But it's not a big deal, and the rationale at least makes sense.  So,

Acked-by: Paolo Bonzini <pbonzini@redhat.com>

Paolo
Daniel Vetter Nov. 20, 2020, 3:44 p.m. UTC | #2
On Fri, Nov 20, 2020 at 4:33 PM Paolo Bonzini <pbonzini@redhat.com> wrote:
>
> On 19/11/20 15:41, Daniel Vetter wrote:
> > Both Christoph Hellwig and Jason Gunthorpe suggested that usage of
> > follow_pfn by modules should be locked down more. To do so callers
> > need to be able to pass the mmu_notifier subscription corresponding
> > to the mm_struct to follow_pfn().
> >
> > This patch does the rote work of doing that in the kvm subsystem. In
> > most places this is solved by passing struct kvm * down the call
> > stacks as an additional parameter, since that contains the
> > mmu_notifier.
> >
> > Compile tested on all affected arch.
>
> It's a bit of a pity, it's making an API more complex (the point of
> gfn_to_pfn_memslot vs gfn_to_pfn is exactly that you don't need a
> "struct kvm*" and it's clear that you've already done the lookup into
> that struct kvm.

Yeah I noticed that, I think pushing the lookups down should work, but
that's a fairly large-scale change. I didn't want to do that for the
RFC since it would distract from the actual change/goal.
-Daniel

> But it's not a big deal, and the rationale at least makes sense.  So,
>
> Acked-by: Paolo Bonzini <pbonzini@redhat.com>
>
> Paolo
Paolo Bonzini Nov. 20, 2020, 3:55 p.m. UTC | #3
On 20/11/20 16:44, Daniel Vetter wrote:
>> It's a bit of a pity, it's making an API more complex (the point of
>> gfn_to_pfn_memslot vs gfn_to_pfn is exactly that you don't need a
>> "struct kvm*" and it's clear that you've already done the lookup into
>> that struct kvm.
>
> Yeah I noticed that, I think pushing the lookups down should work, but
> that's a fairly large-scale change. I didn't want to do that for the
> RFC since it would distract from the actual change/goal.
> -Daniel

Pushing the lookups down would be worse code and possibly introduce 
TOC/TOU races, so better avoid that.  Your patch is fine. :)

Paolo
Jason Gunthorpe Nov. 27, 2020, 1:12 p.m. UTC | #4
On Thu, Nov 19, 2020 at 03:41:29PM +0100, Daniel Vetter wrote:
> I feel like this is ready for some wider soaking. Since the remaining bits
> are all kinda connnected probably simplest if it all goes through -mm.
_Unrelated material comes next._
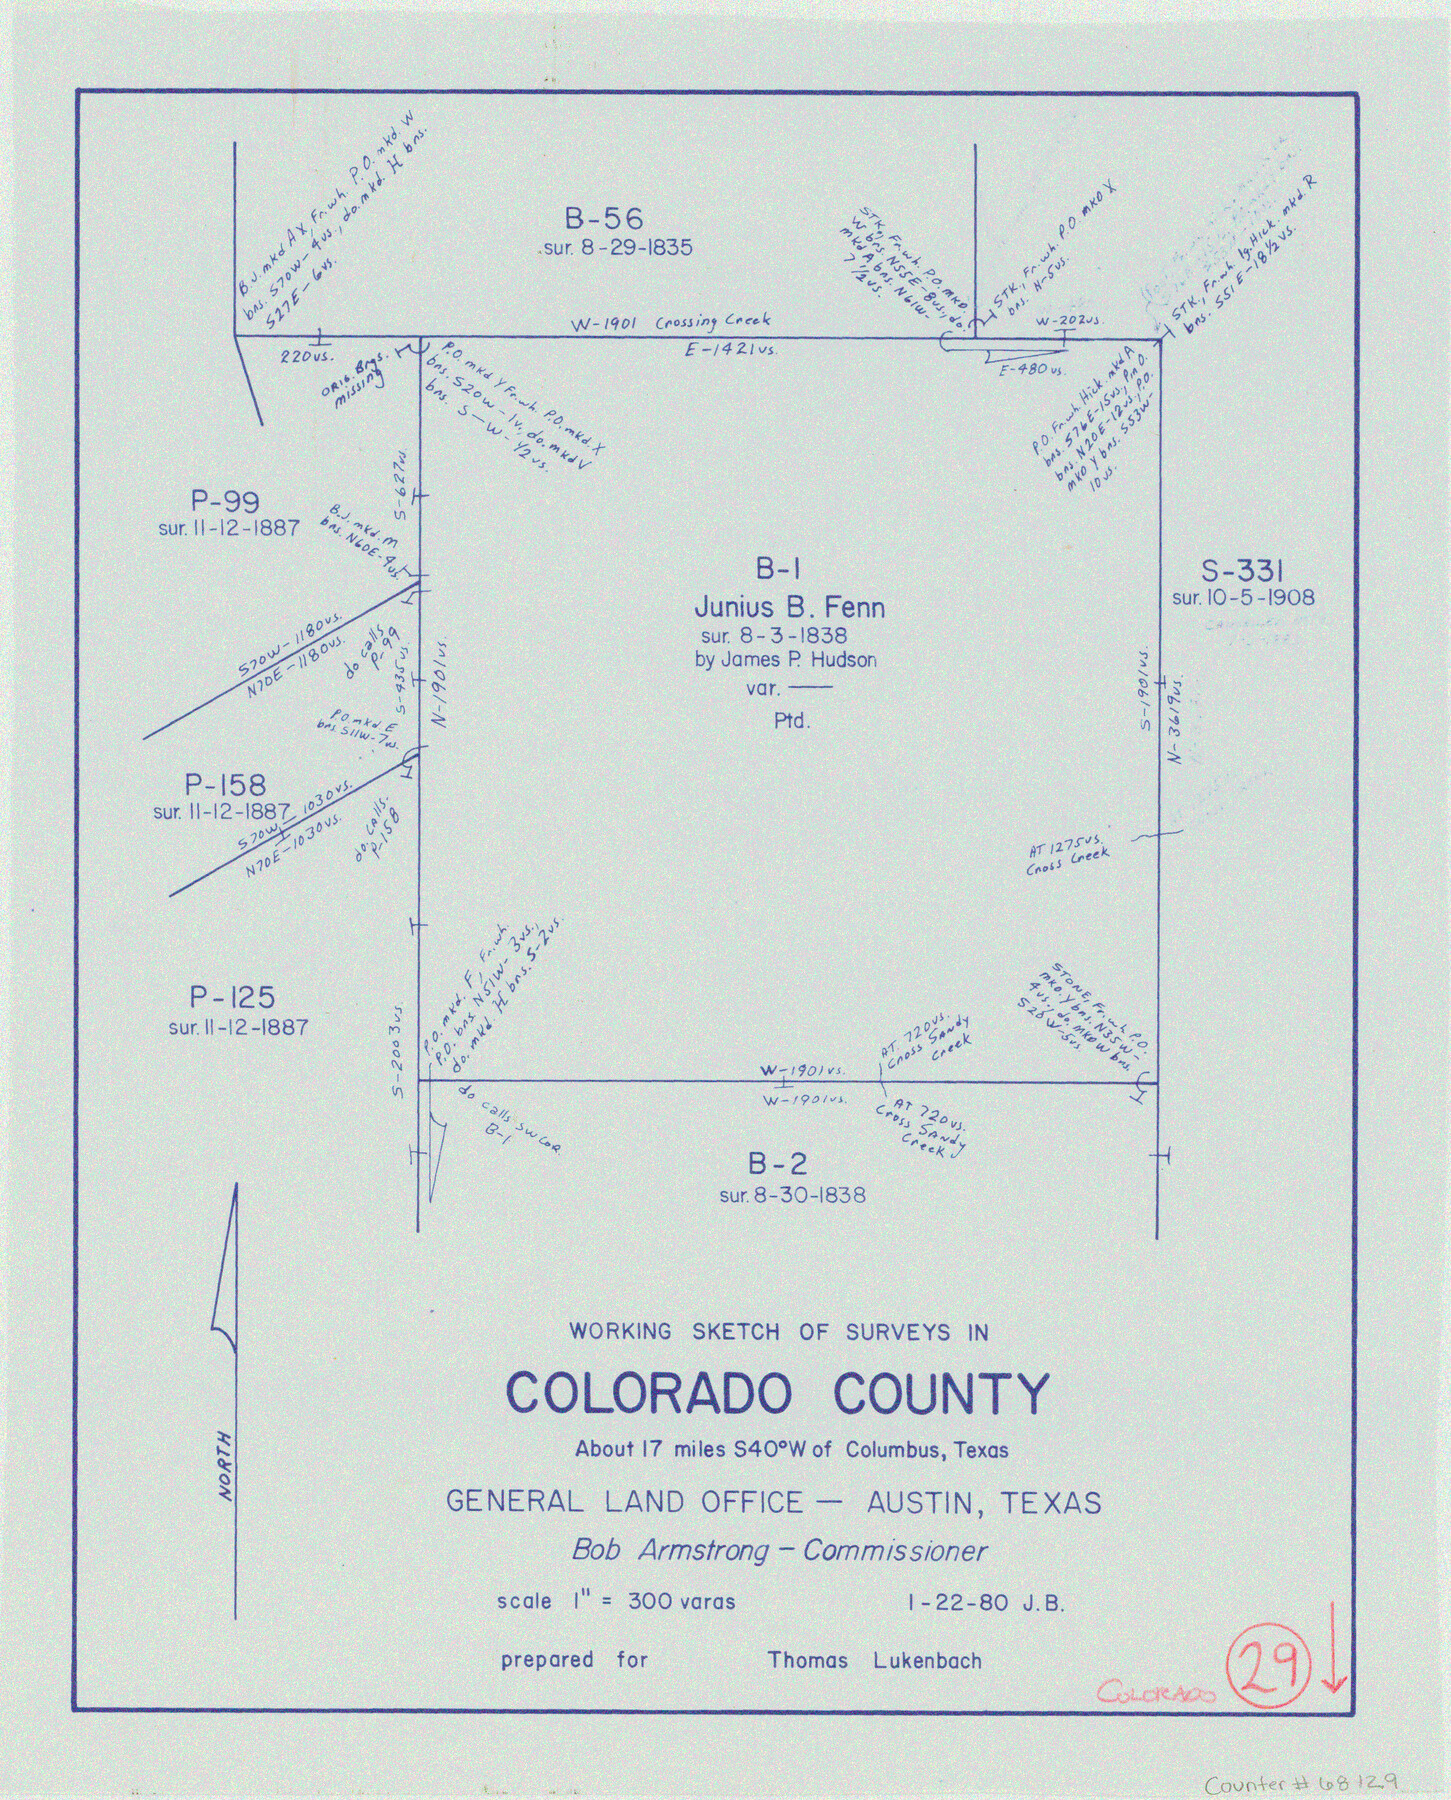 68129, Colorado County Working Sketch 29, General Map Collection

Did you figure out a sumbission plan for this stuff?

> Daniel Vetter (17):
>   drm/exynos: Stop using frame_vector helpers
>   drm/exynos: Use FOLL_LONGTERM for g2d cmdlists
>   misc/habana: Stop using frame_vector helpers
>   misc/habana: Use FOLL_LONGTERM for userptr
>   mm/frame-vector: Use FOLL_LONGTERM
>   media: videobuf2: Move frame_vector into media subsystem

At the very least it would be good to get those in right away.

>   mm: Add unsafe_follow_pfn
>   media/videbuf1|2: Mark follow_pfn usage as unsafe
>   vfio/type1: Mark follow_pfn as unsafe

I'm surprised nobody from VFIO has remarked on this, I think thety
won't like it

>   mm: Close race in generic_access_phys
>   PCI: Obey iomem restrictions for procfs mmap
>   /dev/mem: Only set filp->f_mapping
>   resource: Move devmem revoke code to resource framework
>   sysfs: Support zapping of binary attr mmaps
>   PCI: Revoke mappings like devmem

This sequence seems fairly stand alone, and in good shape as well

My advice is to put the done things on a branch and get Stephen to put
them in linux-next. You can send a PR to Lins. There is very little mm
stuff in here, and cross subsystem stuff works better in git land,
IMHO.

Jason